If children are allowed to make this turn toward digital media, then a whole host of developmental problems follow over time that affect a child, potentially, for the rest of their lives. A heavy diet of digital media tends to wire the brain in a variety of ways such as short attention span (resulting in what may be diagnosed as ADD), poor social skills and social anxiety in face-to-face interactions (resulting in a potential diagnosis of Asperger’s Syndrome), mood dysregulation (resulting in depression and anxiety disorders), and addiction (resulting in oppositional/defiant disorder), etc. A recently published book called i-Disorder, by Larry Rosen, describes the personality disorder that often develops by the time a digitally addicted young person reaches early adulthood. I can personally testify that his description is very close to the constellation of traits that we see out at reSTART: Internet Addiction Recovery Program. Our young adult men tend to be dependent, socially avoidant, narcissistic, passive/unmotivated, and antisocial in their values. They often have traits of Asperger’s and/or ADD, often undiagnosed, leading to school and social failure. They usually are anxious and depressed when they arrive. Once they have detoxed from their addiction to digital technology, they start to feel much better and to think clearly enough to begin making a good plan for how they will live a healthy, sustainable lifestyle with the technology. Once that plan is completed, they can go into our aftercare program where they have to handle themselves in the real world and this is the time when they begin to stumble as they bump up against not only addictive triggers all around them, but also the severe limitations o f their own personalities which are wired in the way I’ve been describing. Crazy as it may sound, drug addicts and alcoholics of the same age are often better prepared for dealing with life as sober adults than our sober tech addicts. The drug addicts and alcoholics have usually started their addictions later (age 12-14, or so) and have some street smarts as well as greater comfort with social situations.
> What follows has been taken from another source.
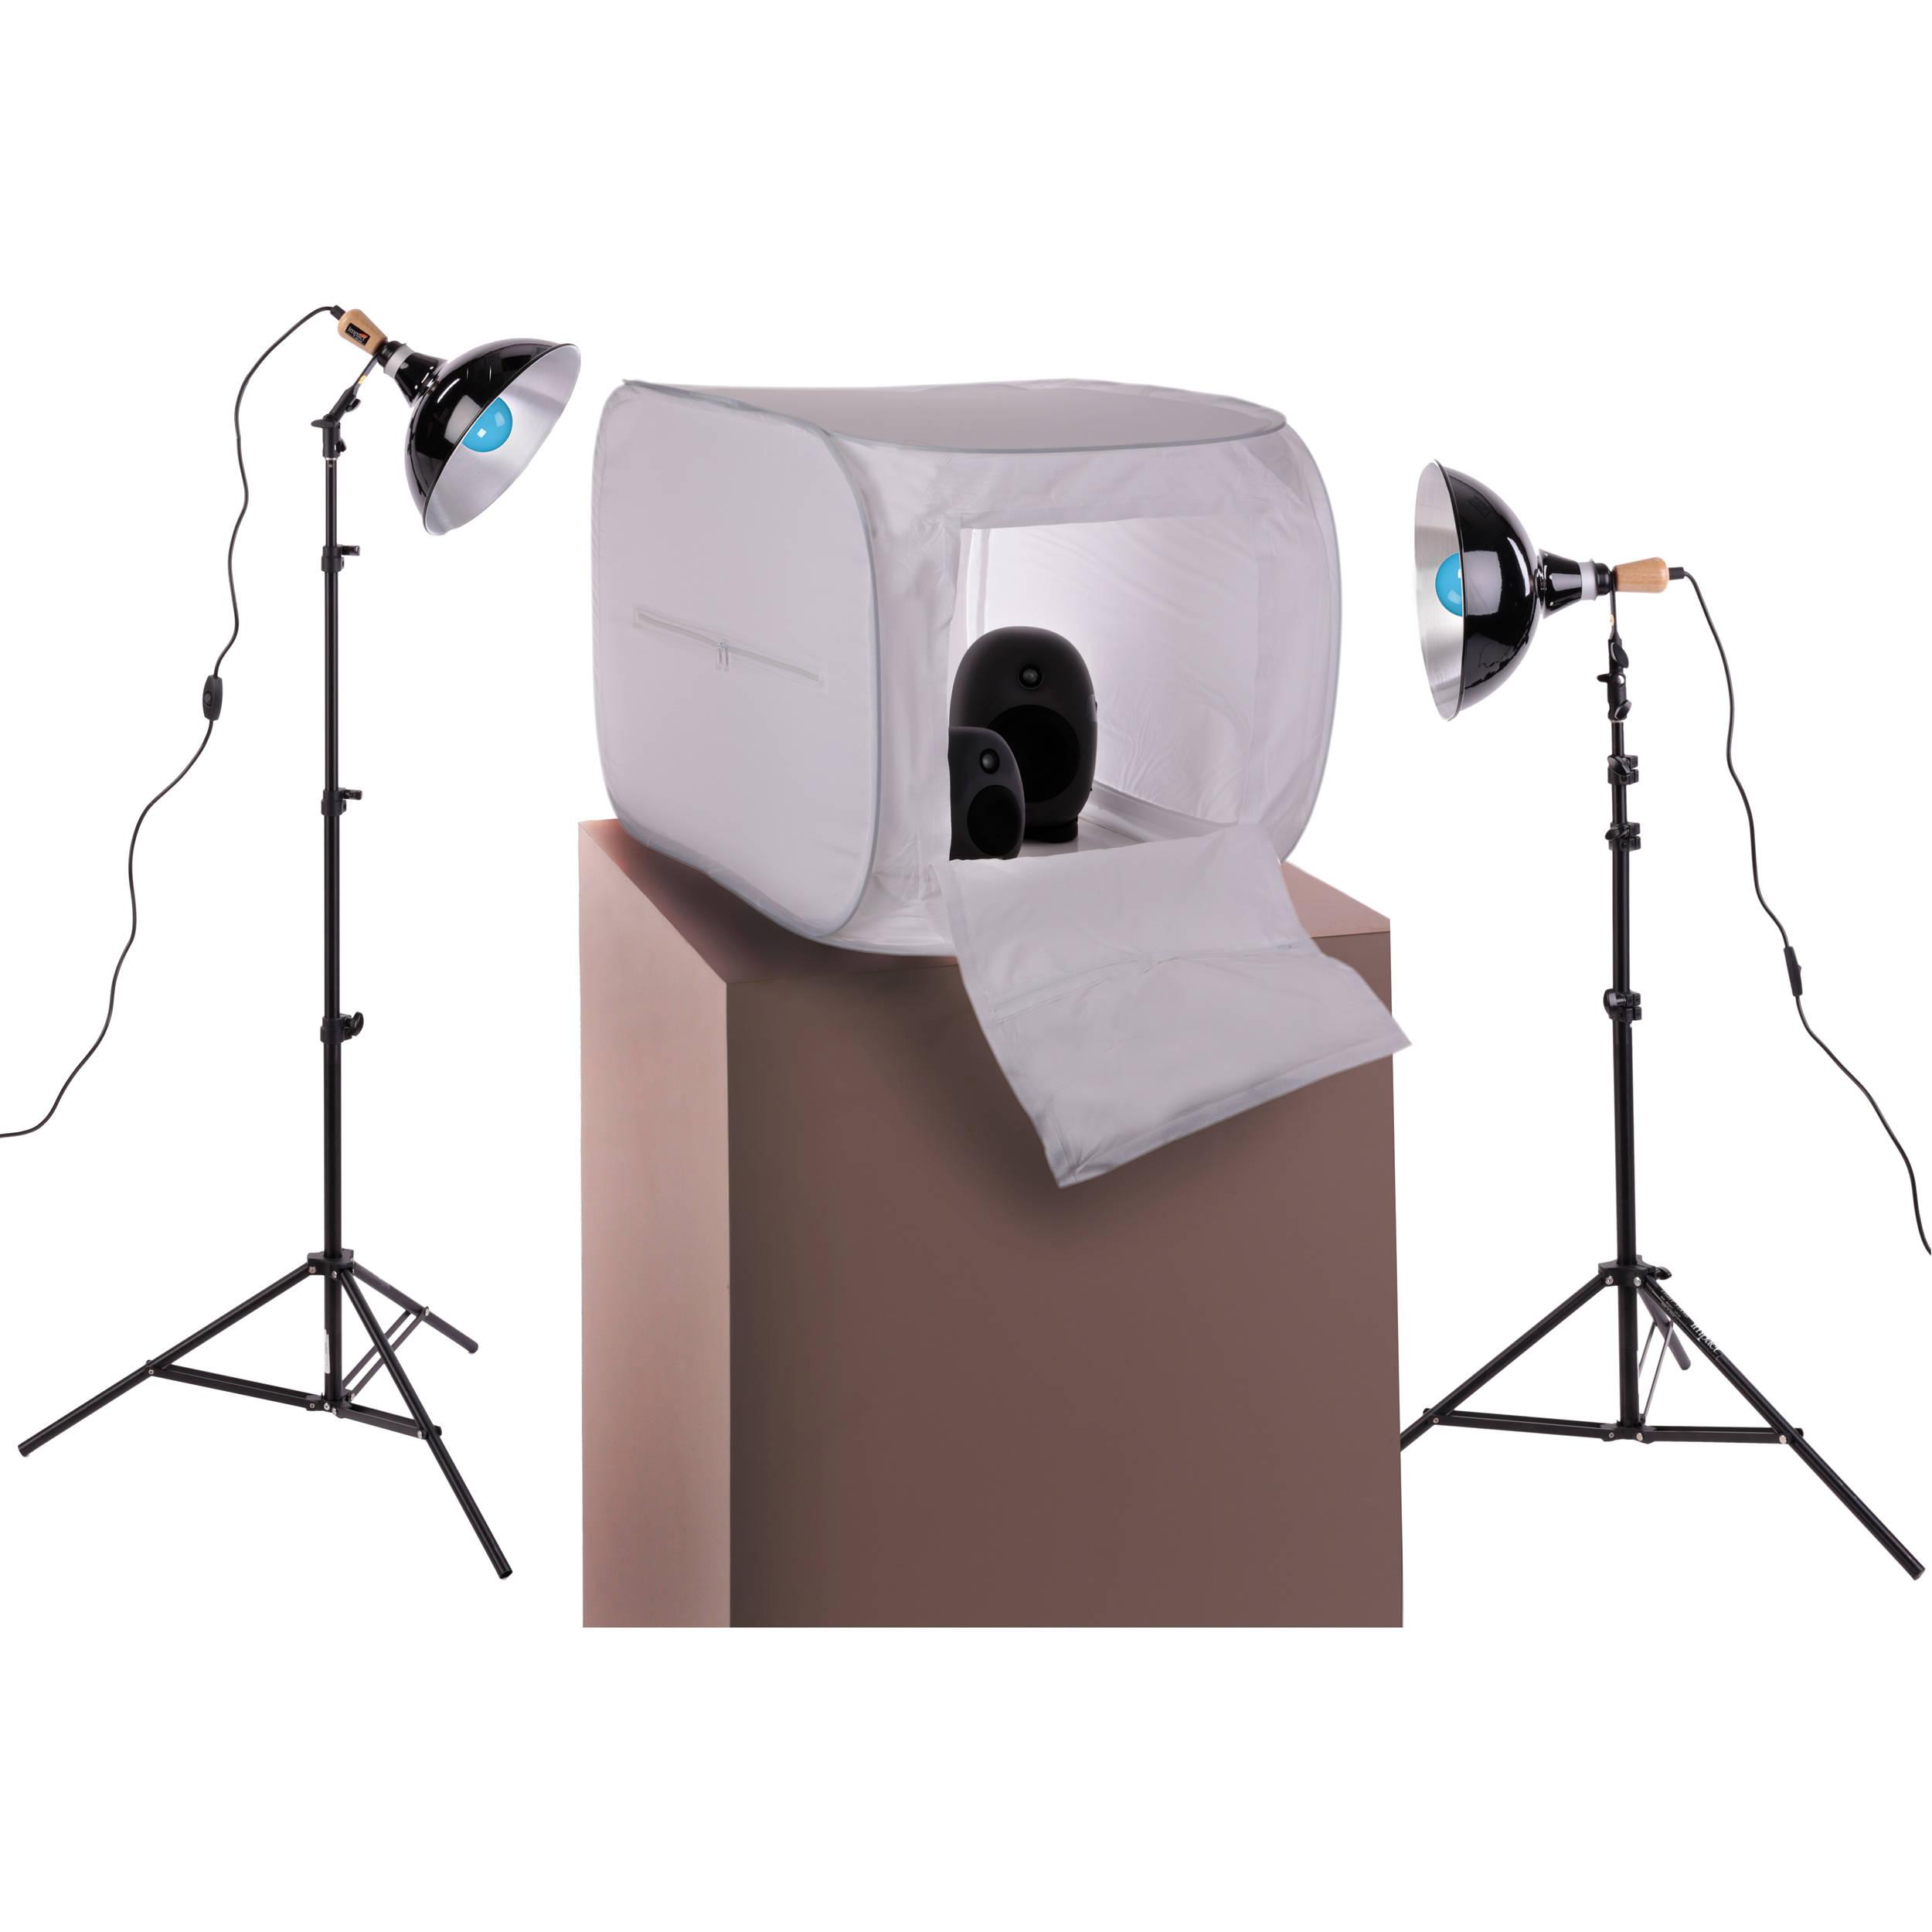 Impact Two-Light Digital Light Shed Kit - 24 x 24   sc 1 st  Bu0026H & Shooting Tents u0026 Table Light Kits | Bu0026H Photo Video

video gameSo, how does this relate to you?

I would say your number one task is to be able to correctly ascertain whether or not you are dealing with a video game/Internet addict. You may or may not be a clinician, but, either way, you can ask the right questions to find out what you are dealing with. If you send the child to someone for a psychological assessment, keep in mind that that person may not ask questions that would tease out Internet addiction and may not even believe in or understand the problem. You may get back a diagnosis of depression, anxiety disorder, ADD, or something else, their having entirely missed the real problem. So, it may be up to you to ferret this out. For a more comprehensive list of questions, I suggest you visit our website at www.netaddictionrecovery.com, but here are a few questions which will quickly help you learn if you need to dig deeper:

1. What digital media do you own?
2. What are the things you mostly like to do with that media (they will not tell you about porn unless you ask specifically)?
3. How much time do you think you spend in each of these activities (you can be sure they will underestimate, so, if they say 4 hours, it is more like 6 to 8)?
4. What time do you get to bed when you’re at your computer doing the things you like to do? How much sleep are you getting? Do you have trouble getting up for school or staying awake in school?
5. Do your parents get mad and try to make you use it less?
6. What do you do to get around their controls?
7. Tell me the history of your use of digital devices (be looking to see at what age they began)?
8. Do you spend more time with online social media and gaming or face to face with your friends?

So, to summarize, many of the teens and young adults with whom you work may be addicted to some form of digital technology, may have been addicted for many6 years, and therefore, have a neuronet that is ill suited to living well in the real world. These young people need help. They need to have the situation assessed correctly and help finding effective schools or programs that will truly be effective in helping them detox and learn to live a healthy, sustainable lifestyle.